Validity does not mean that a model is representing an exact clone of the simulated entity. The required validity properties of the models in the test bench rather depend on each specific test case [27]. As illustrated by Figure 6, in accordance with Steimle et al. [11], the required validity of the test case is derived by its test targets. If, for example, their purpose is to test the consistency of interfaces or communication between modules, models of participating modules and their functions usually do not require high validity. If on the other side, test targets demand evaluation of the module functionality, highly valid models of the communication might not be necessary for all test cases.
However, it might be crucial to evaluate the influence of time on the implemented behavior of time-critical functions. In conclusion, the connection between test targets and derived test cases needs to be considered even as early as the definition of the module boundaries.
Stimulation can be invalid, but so can the evaluation of its results leading to error B1-2 as invalid evaluation. Evaluation of module tests can be performed directly at the output of the tested modules. Additionally, indirect assessment using models of other modules or the environment and evaluating their outputs represents an alternative.

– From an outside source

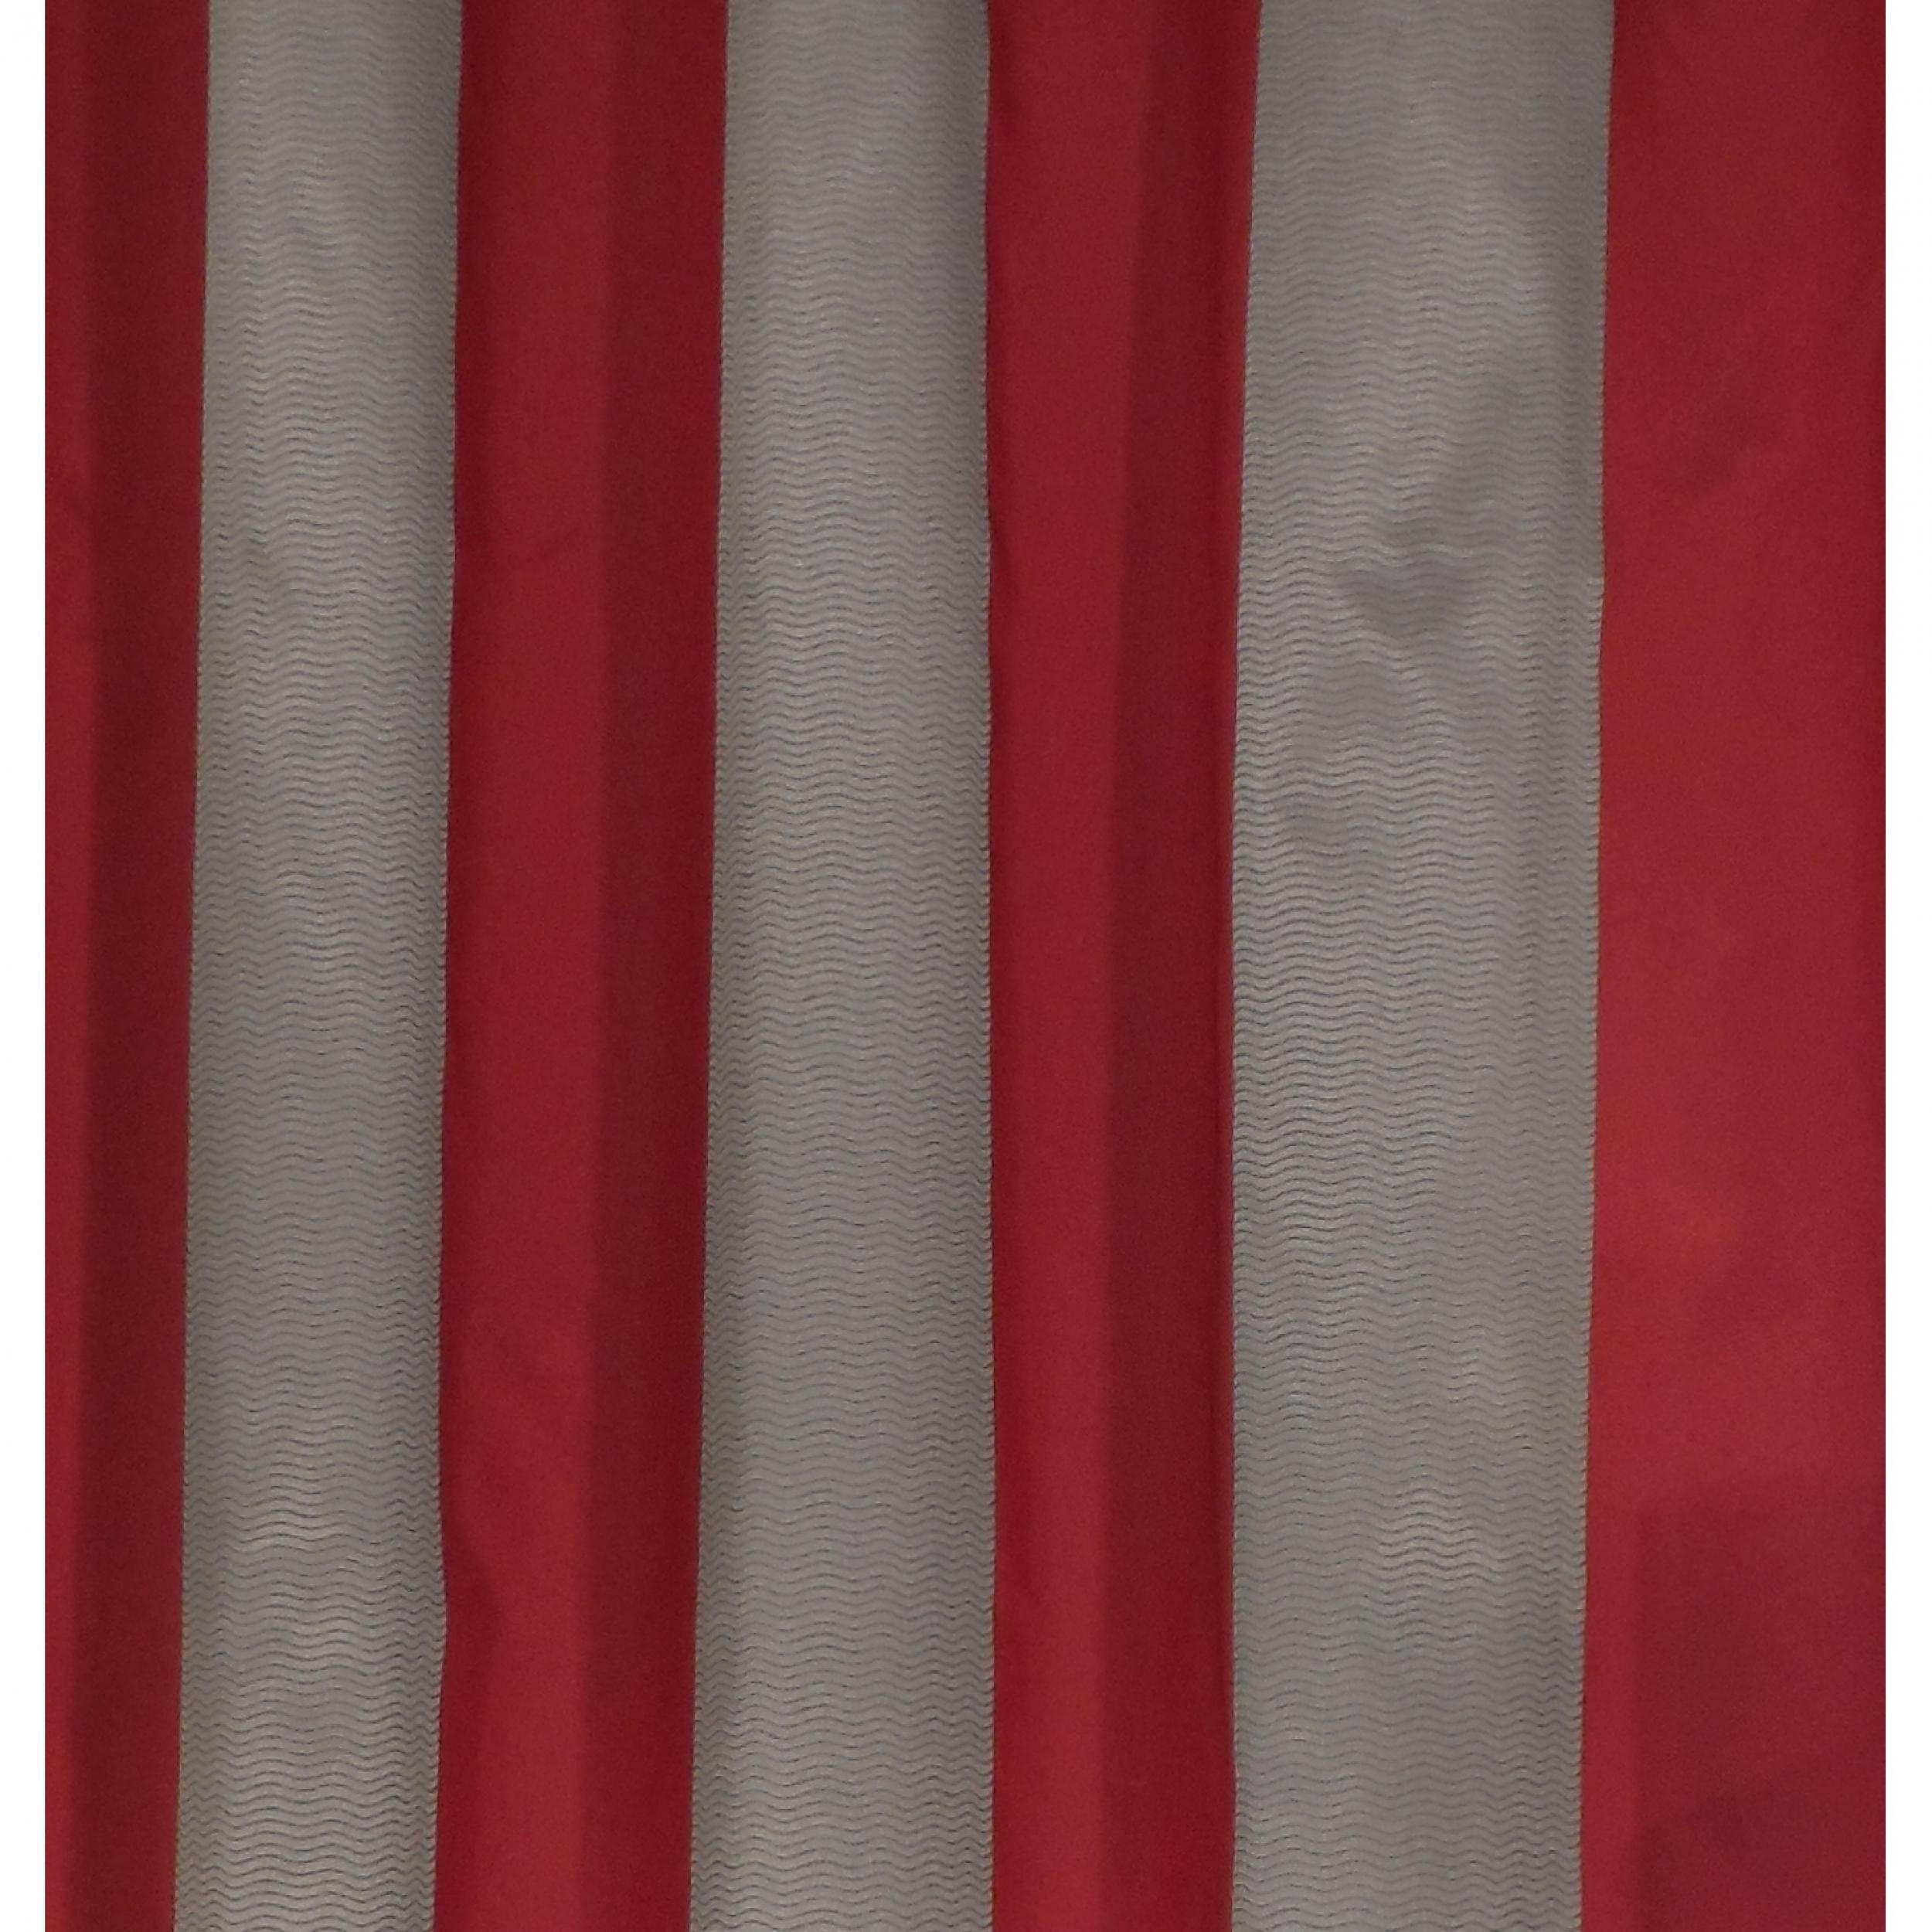 rideaux rouge gris. Black Bedroom Furniture Sets. Home Design Ideas

This second way requires models of other modules or the remaining environment, which might again cause the errors B1-1-1 and B1-1-2.
For both ways of evaluation, specific metrics and corresponding pass-/fail criteria (also referred to as evaluation criteria by Steimle et al. [11] or verification criteria by [28] (p. 165)) are needed. Hereby, it should be noted that a convenient interface for evaluation depends on the available metrics and their ability to predict the behavior at the system level. This is usually not done directly by the metric, but by evaluating compliance with requirements of investigated modules. In conclusion, module boundaries may be defined so that a valid evaluation is not possible. For example, the evaluation of a decomposed environmental sensor, as depicted by Rosenberger et al. [29], and its intended functionality is almost impossible by raw sensor data. In that case, decomposing the sensor so that raw sensor data is taken as the output would result in a module boundary that does not allow a valid evaluation. However, in our project, we chose a modular architecture, wherein the controller and its controlled process are not part of the same module. This decision is made because the actuators (dynamic modules), as a part of the controlled process, are intended to work on several platforms, potentially stimulated by different controllers, while the controller (trajectory controller) is parameterized to these different platforms [7,30]. Although this procedure is still under research, it allows to approve the safety of said controller individually when valid models of the dynamic modules and the further environment can be built in simulation. Using the actual external module, instead of a representation of it in tests of the module under consideration, cannot be seen as an option for a modular safety approval. The change may mean that a change of the external module requires a new safety approval if it is not clear how the changes influence the tests of the module under consideration. We see this as a boundary condition and categorize it as an invalid stimulation or evaluation. Therefore, it is not introduced as another error.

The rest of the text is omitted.